It's difficult to take Nicolas Cage seriously these days. The former madman has been forced into a series of paycheck gigs for reasons obvious to anyone enjoying access to the internet, with "Season of the Witch" a solid representation of Cage's new career direction. Unchallenged and over-wigged, the actor is merely biding his time with this serving of horror hooey, obviously more interested in hearing the sweet sound of "cut!" than trying to make a tepid screenplay shuffle with restless energy Cage is more than capable of summoning. The material needed his special sauce.

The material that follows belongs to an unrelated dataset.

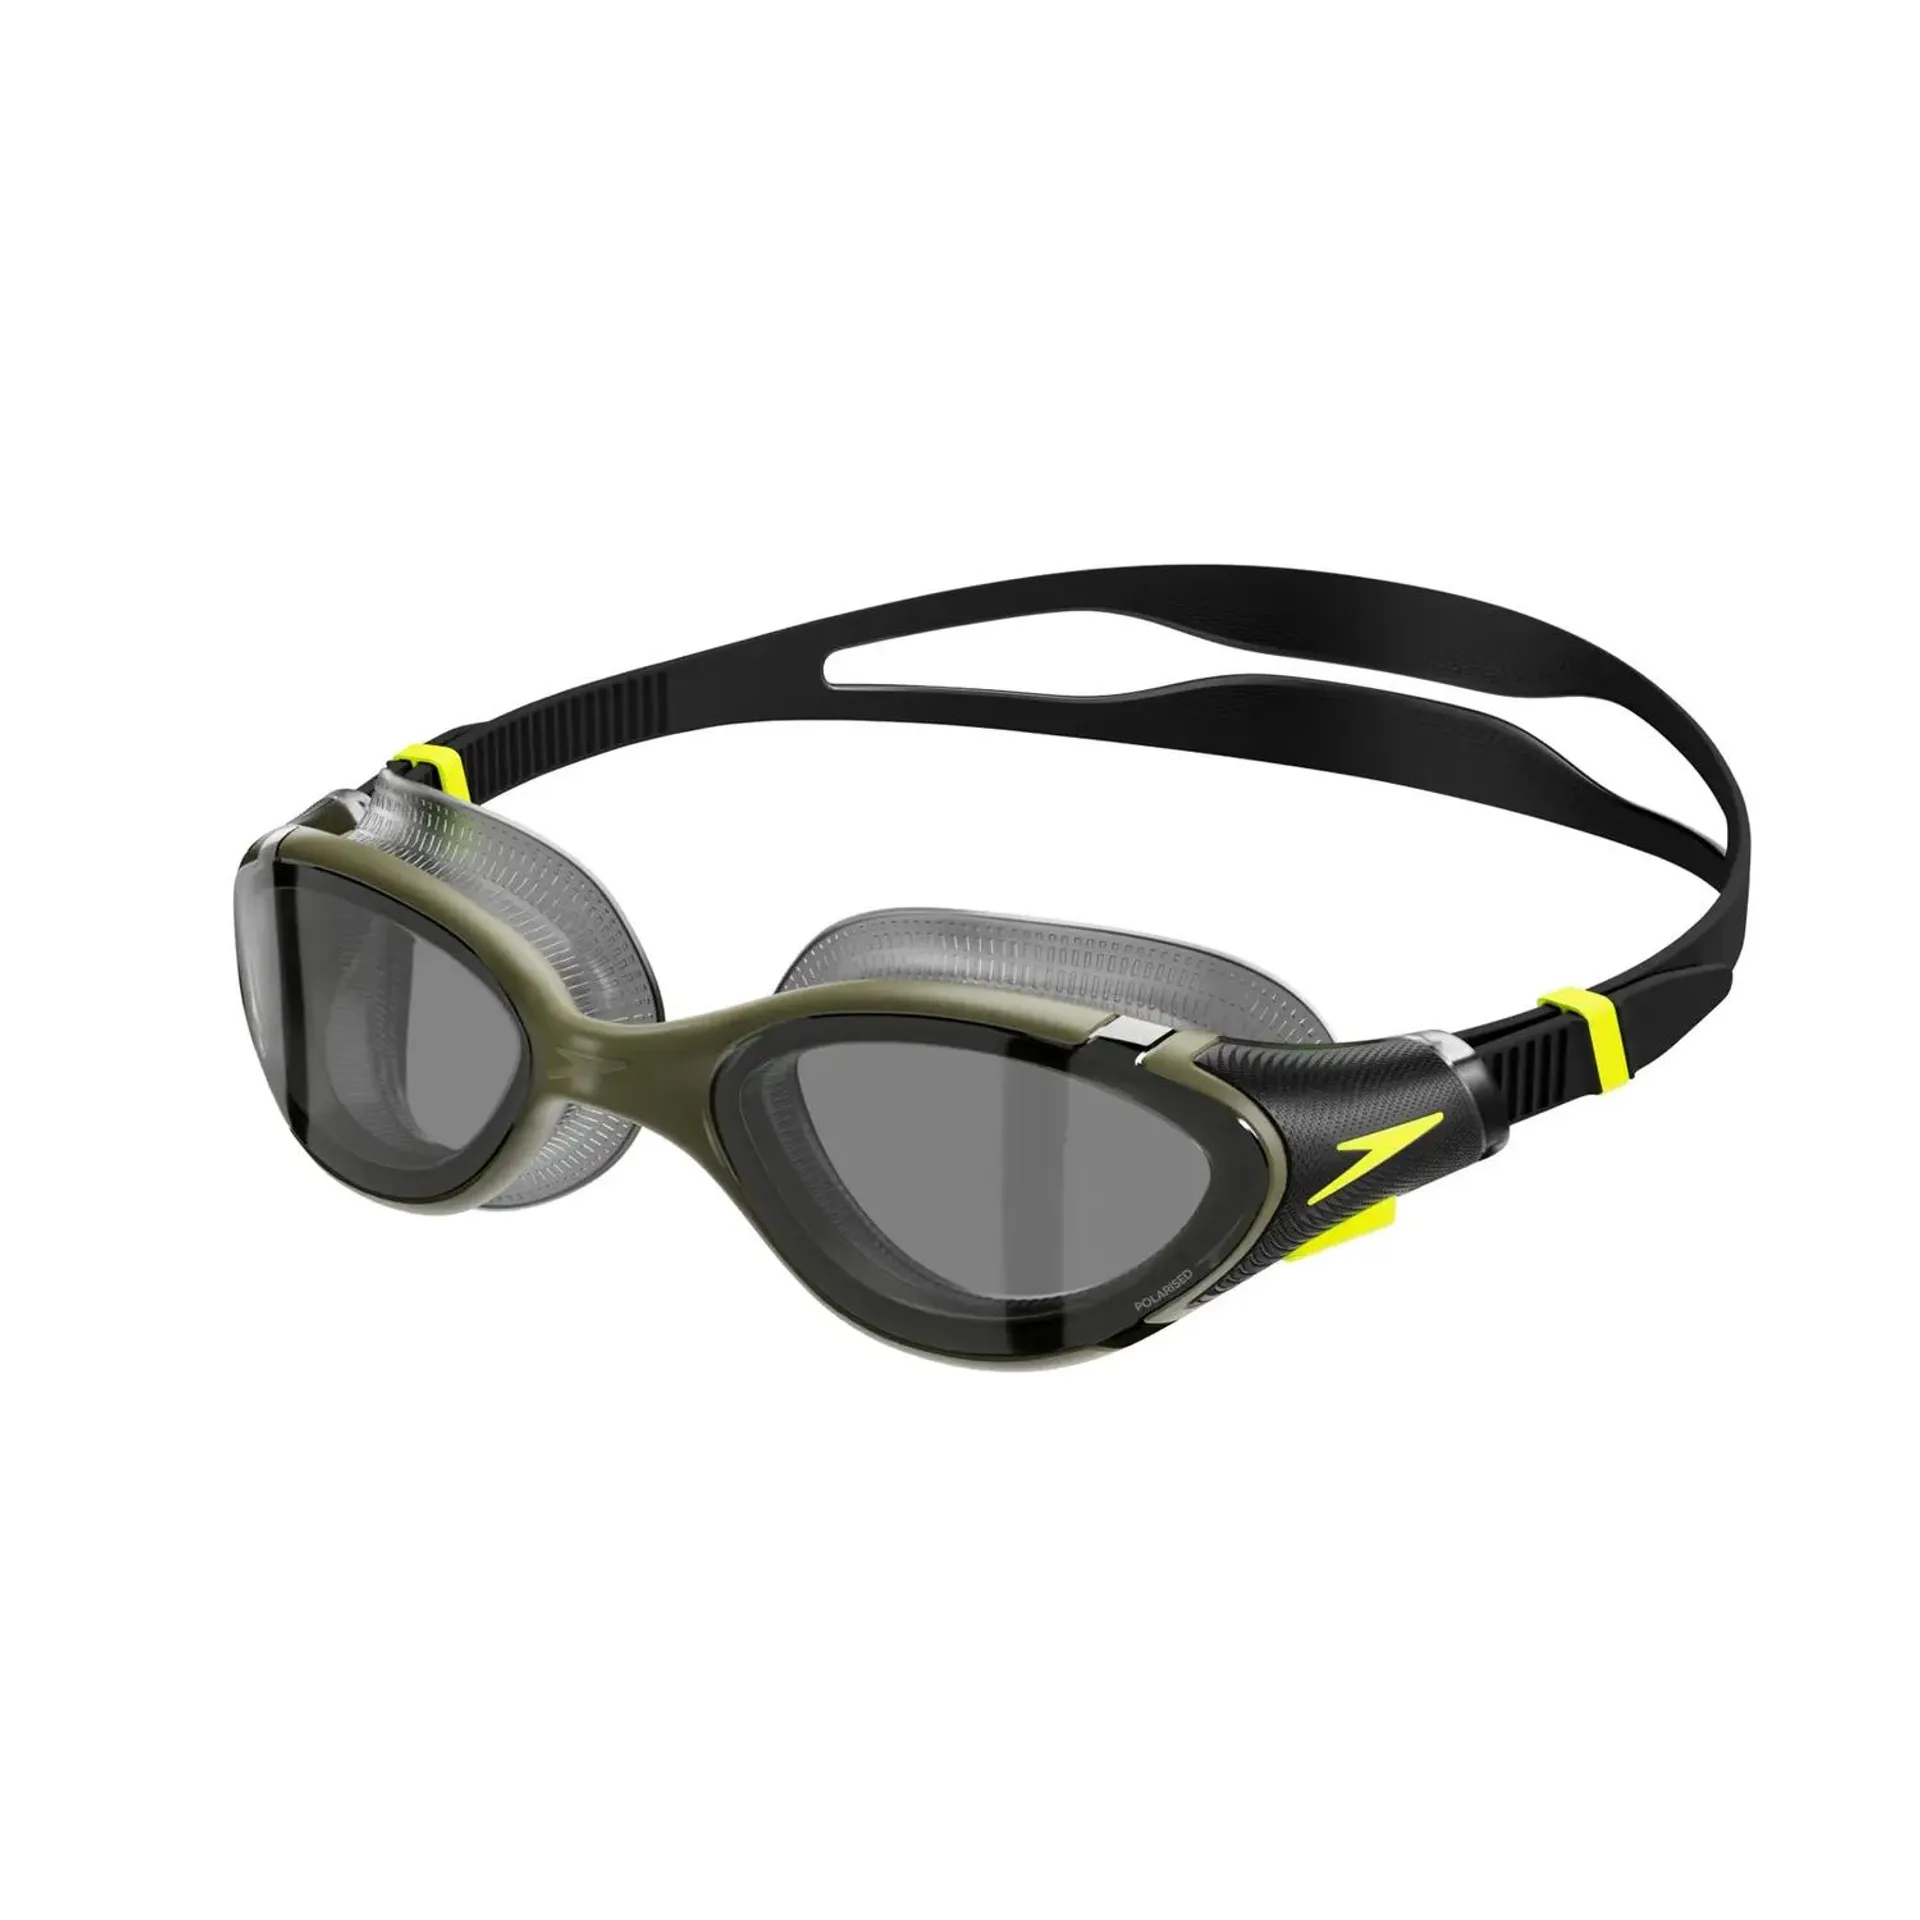 Gafas de natación polarizadas Biofuse 2.0 para adultos, verde oscuro/amarillo

Instead, Cage barely raises an eyebrow.
Disillusioned knights of the Crusades, Behmen (Nicolas Cage) and Felson (Ron Perlman) have ditched their duty, taking off to find a safe haven, looking to cleanse their hands of innocent blood. Coming across a kingdom overwhelmed by the Black Death, the men are forced into service by the local cardinal (Christopher Lee), ordered to escort an alleged witch (Claire Foy) to another land for proper religious punishment. Left without a choice, Behmen and Felson hit the road, aided by a jittery monk (Stephen Campbell Moore), a young warrior (Robert Sheehan), and a con artist (Stephen Graham). Slowly crossing hostile terrain, the men grow curious about their seemingly innocent prisoner, questioning the true extent of her powers.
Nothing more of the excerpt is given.